Down to the last line, set down the listing below exactly, apart from its pictures.

(RECORDED DATA)
::::::
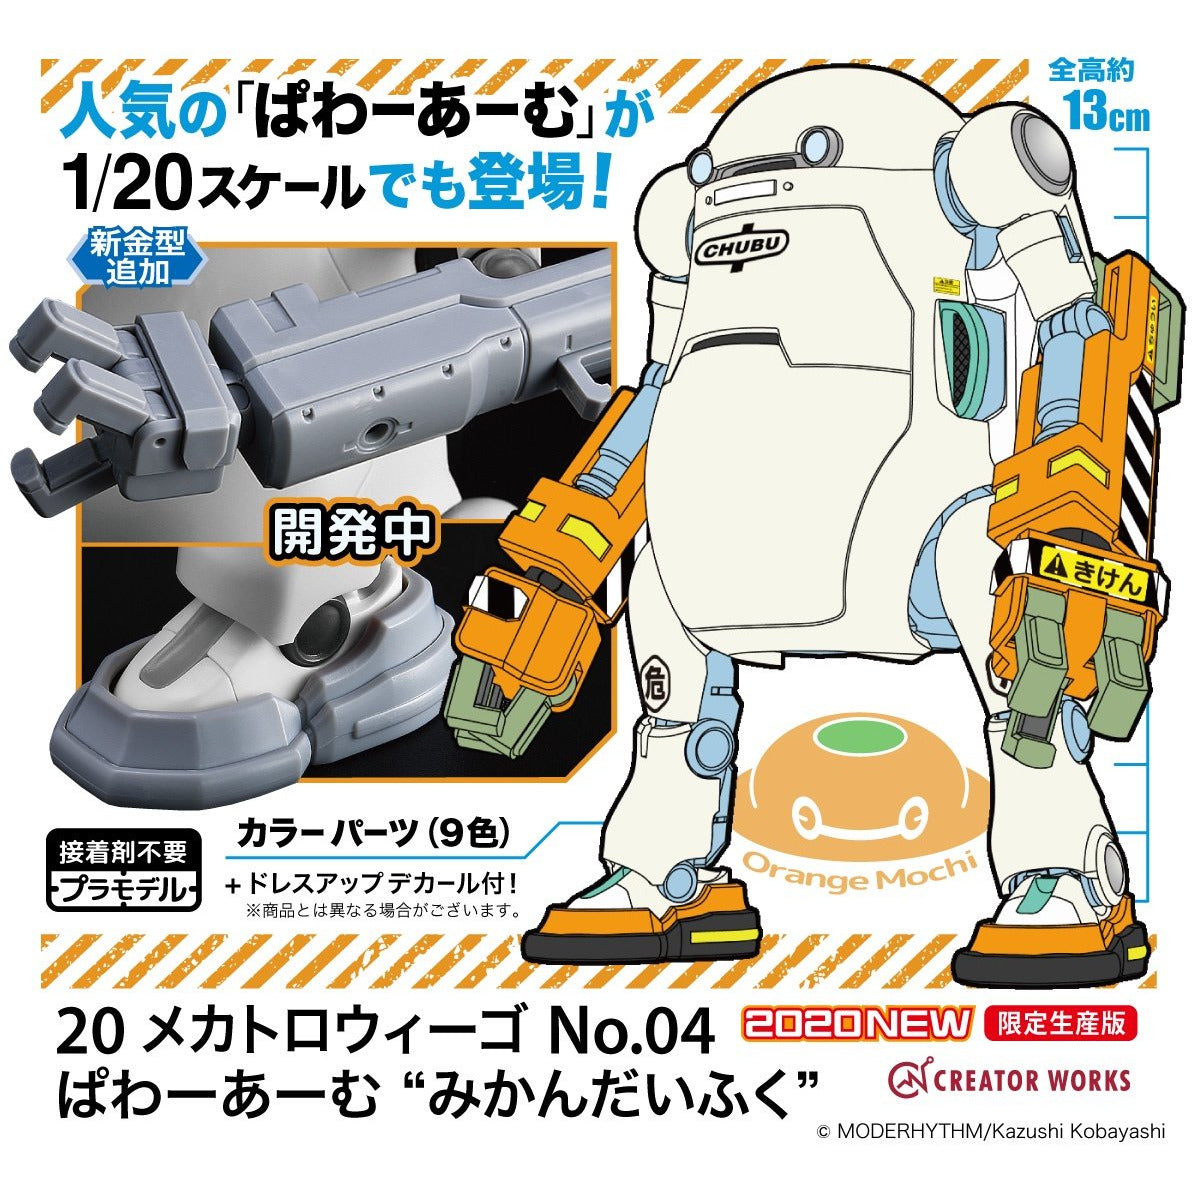 MechatroWeGo No.04 Power Arm "Orange Mochi" 1/20 by Hasegawa
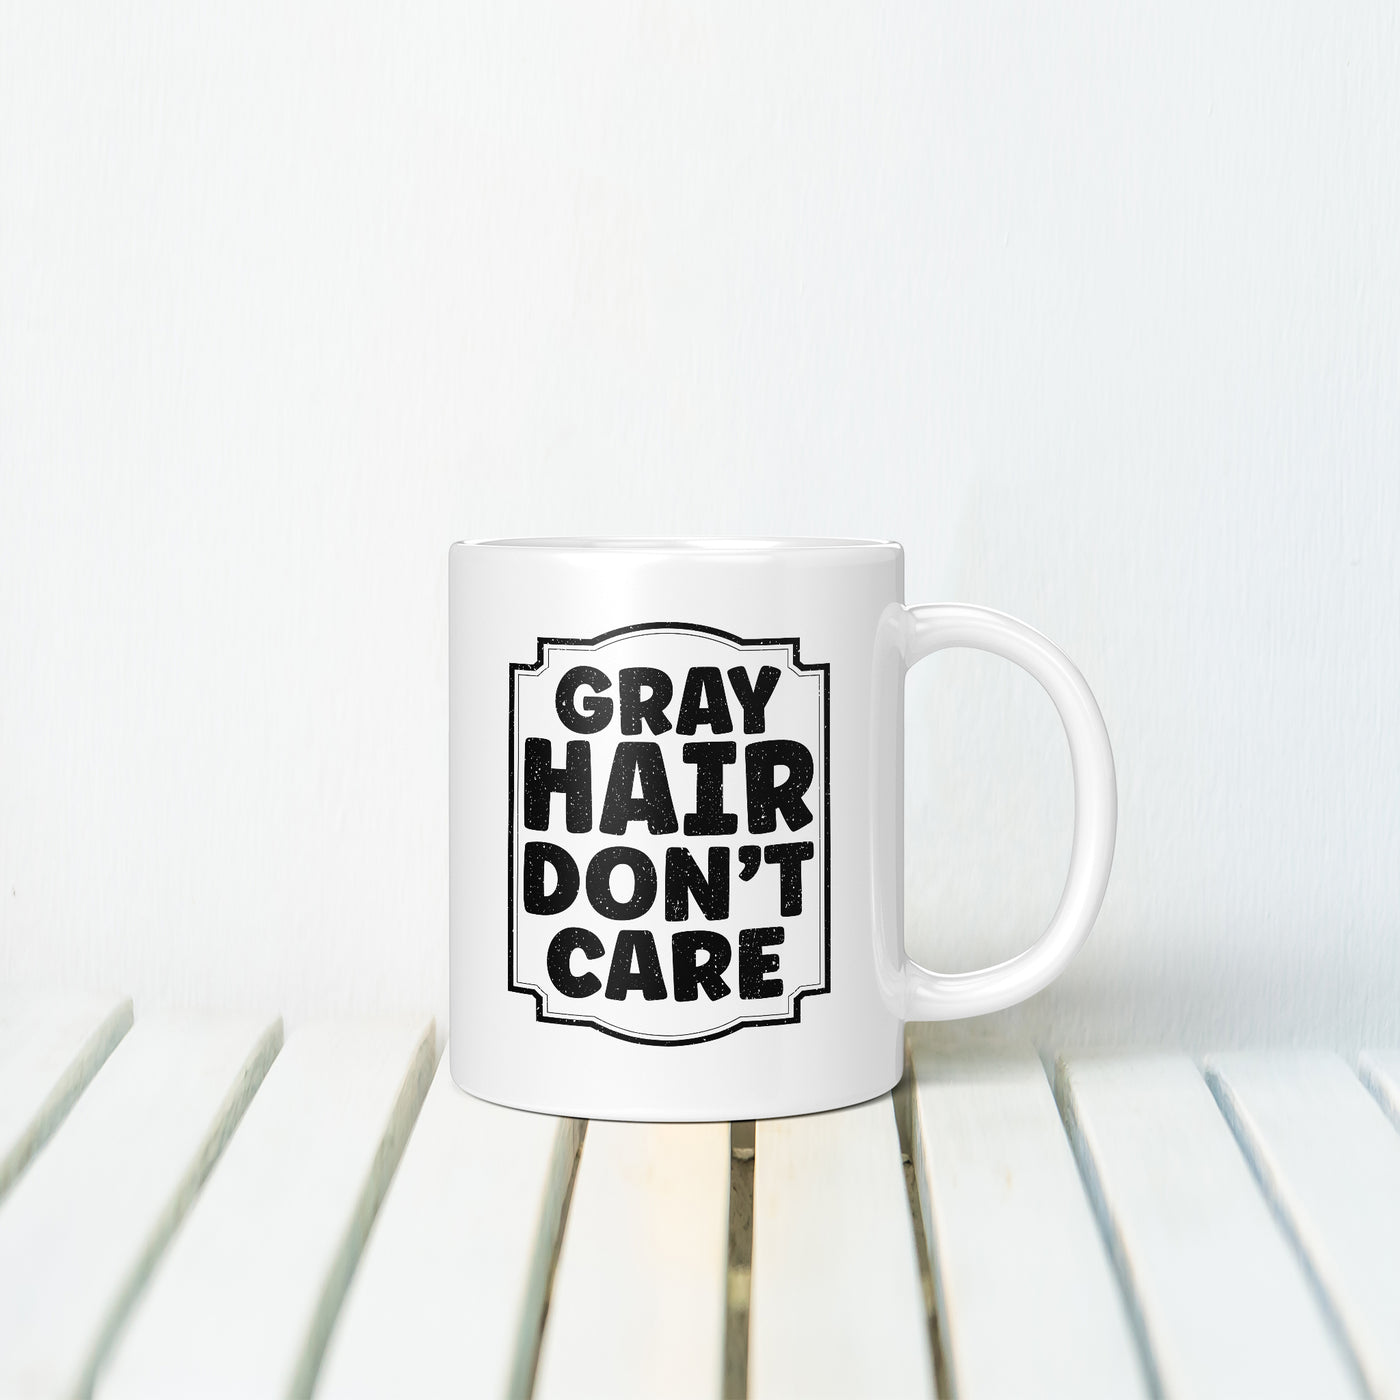 Gray Hair Don't Care Texture Mug
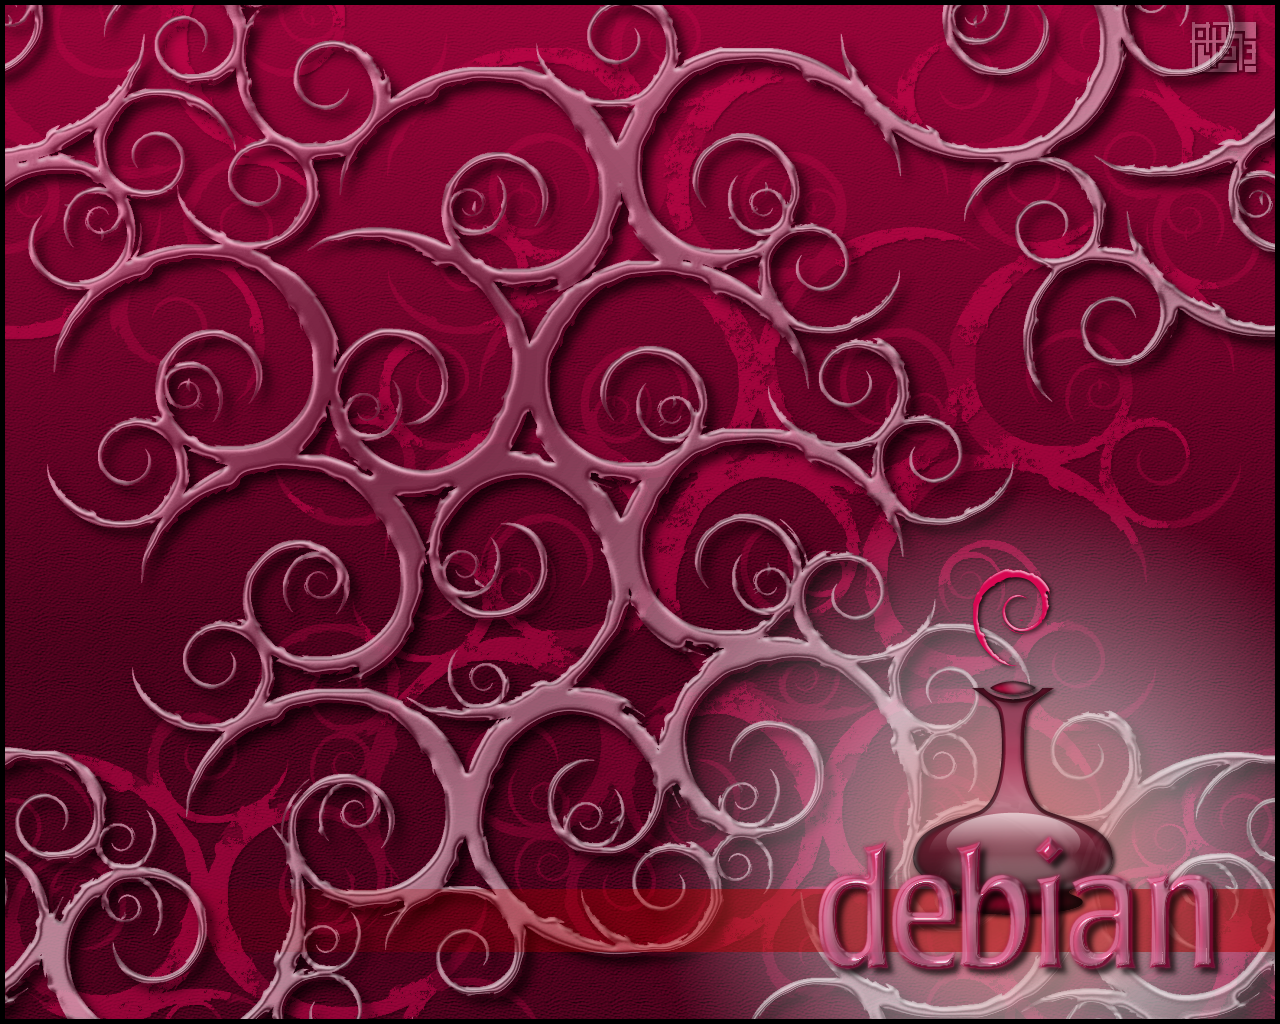 Debian wallpaper 3
::::::
(ANSWER TO THIS TASK)
 MechatroWeGo No.04 Power Arm "Orange Mochi" 1/20 by Hasegawa
 Gray Hair Don't Care Texture Mug
 Debian wallpaper 3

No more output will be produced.